The latest Organization of the Petroleum Exporting Countries (OPEC) report released Wednesday confirmed the worst kept secret among those analyzing the crude market: with yet another increase in output, this time a jump of about 393,500 barrels per day (bpd) to a total of 32.6 million bpd in June, the cartel is simply pumping too much oil.

Libya and Nigeria once again led the increases, but Iraq and Saudi Arabia also boosted production, the latter pumping 10.07 million bpd last month and exceeding its cap for the first time (a phenomenon that Sadad al-Husseini, a former executive vice president at Saudi Arabian Oil Co., attributed to millions of Muslims visiting the Kingdom because of the fasting month of Ramadan).

OPEC in its report admitted that its output exceeded demand in the first half of 2017, and continued increases in U.S. shale means supply will exceed the 32.2 million bpd the cartel expects will be needed next year.

Moreover, the report goes on to note that if current output is sustained, OPEC will oversupply world markets by about 900,000 bpd in the first quarter of next year.

The report was accompanied by more bad news on Wednesday, in the form of Amir Hossein Zamaninia, deputy oil minister for trade and international affairs for Iran, announcing that the Islamic republic's output will rise to about 4 million bpd by the end of this year (it currently produces about 3.8 million bpd).

Still, some experts take a dim view of the prospect that OPEC might consider deepening its cuts in order to improve market conditions: "Even if OPEC countries cut their production further and even if this causes prices to go up for a while, U.S. production will come to pressure the prices once again,” said Fatih Birol, executive director of the International Energy Agency.
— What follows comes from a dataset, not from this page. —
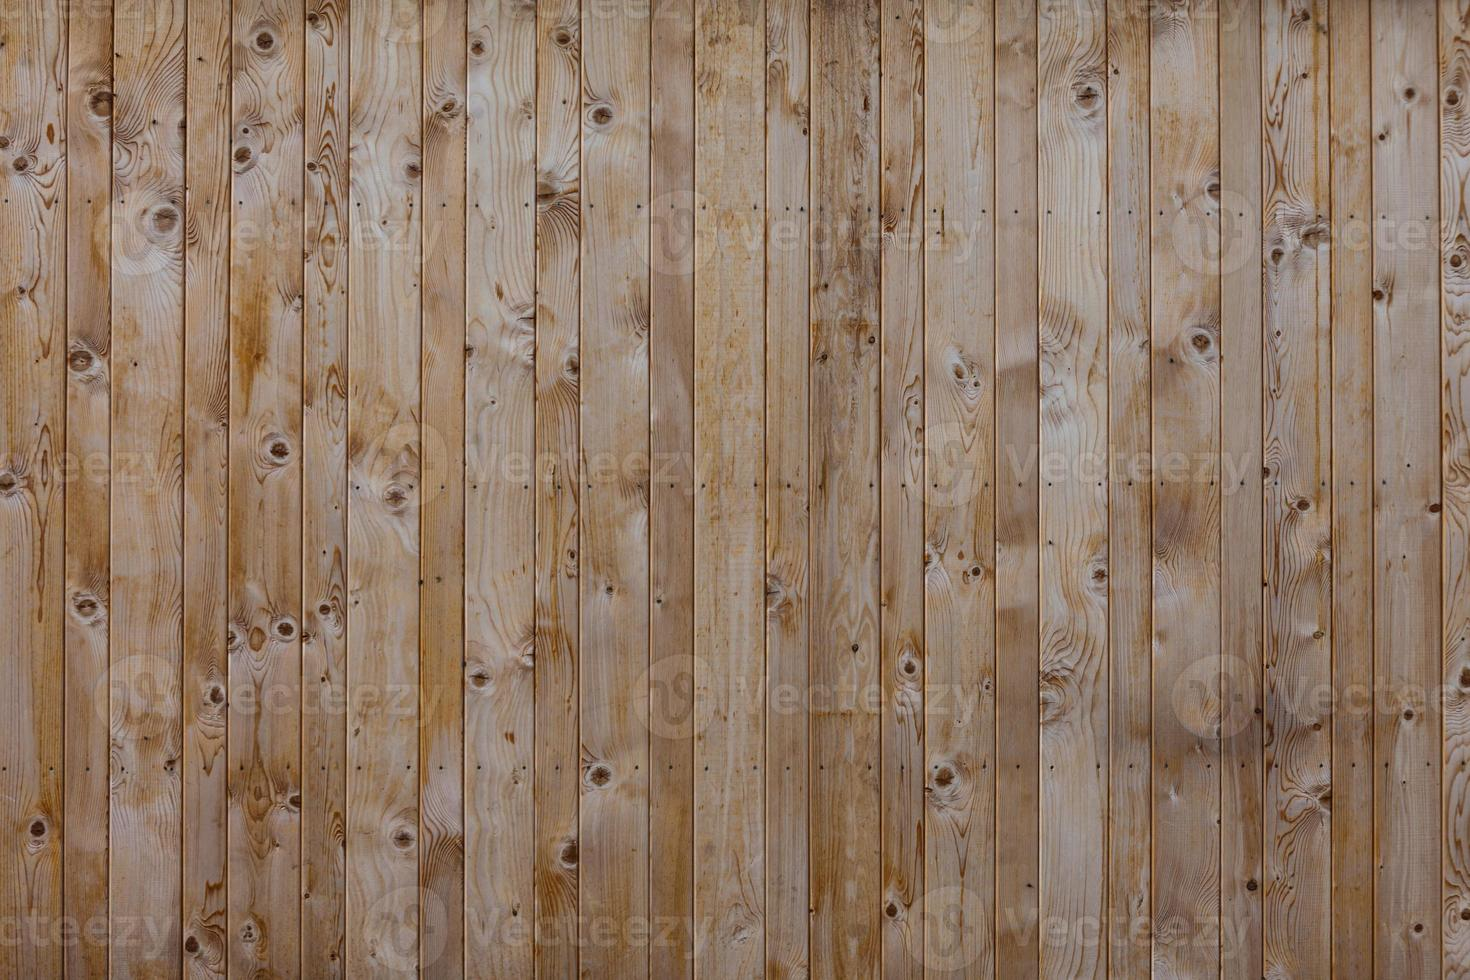 Holz - Textur foto
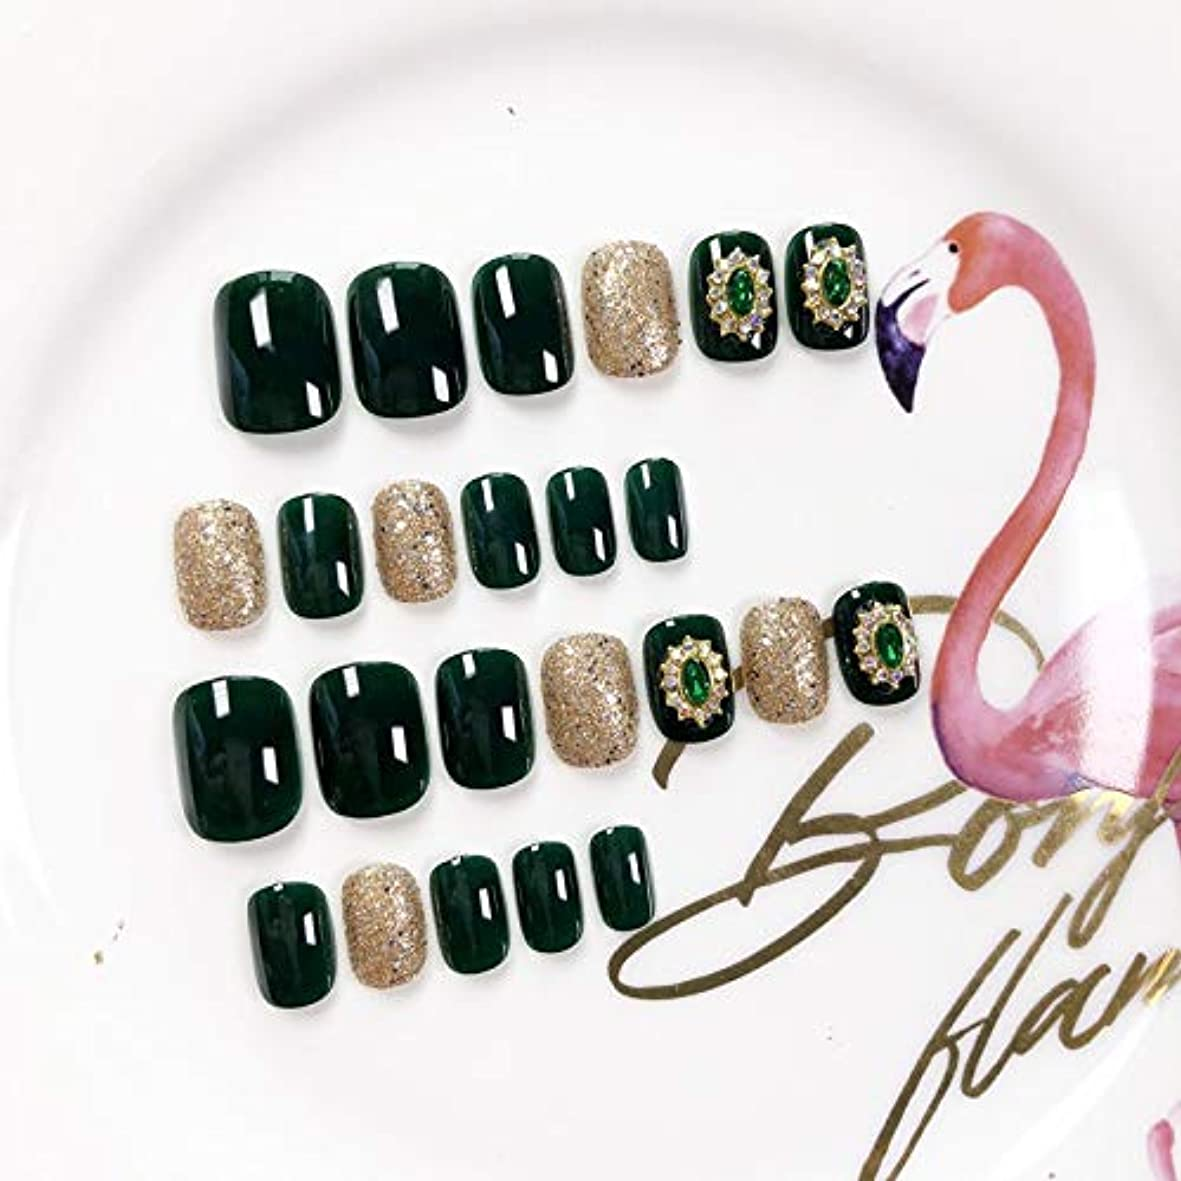 XUANHU HOME 緑色の偽爪キット24ピースダークグリーンとダイヤモンド偽爪、接着剤付きフルカバーミディアムレングス

Still, there's a growing consensus even among the most unlikely of candidates that some form of action must be taken: Emmanuel Kachikwu, oil minister for Nigeria, indicated that he is willing to cap production once his country can pump 1.8 million bpd without incurring militant attacks: “As a serious member of OPEC, we stand ready to support the cuts when we are sure that we can have a stable predictable production; you have to watch it for a couple of months to be sure that what you see as peace is in fact sustained."

Attending the World Petroleum Congress in Istanbul, Alexander Novak, oil minister for Russia, said of the OPEC cutback initiative, "If necessary, we can extend the agreement; if necessary, we can increase the amounts that need to be reduced or on the contrary, we can move to reduce them."

And then there are the ceaseless predictions that U.S. shale is heading for a drop, the latest forecast coming from Dan Yergin, vice chairman at IHS Markit, who told CNBC, "We will still see U.S. shale continuing to grow and being an important part of the supply, but I think this year you've got this really powerful rebound and it's baked in for the rest of the year."

He added that shale will experience "nowhere near as much growth" in 2018.

It's interesting to note that Yergin and Novak made headlines earlier this week by seeming to offer a new mindset with regards to the crude market, with both of them suggesting that oil in the $50s is the new norm and a fair value for the commodity.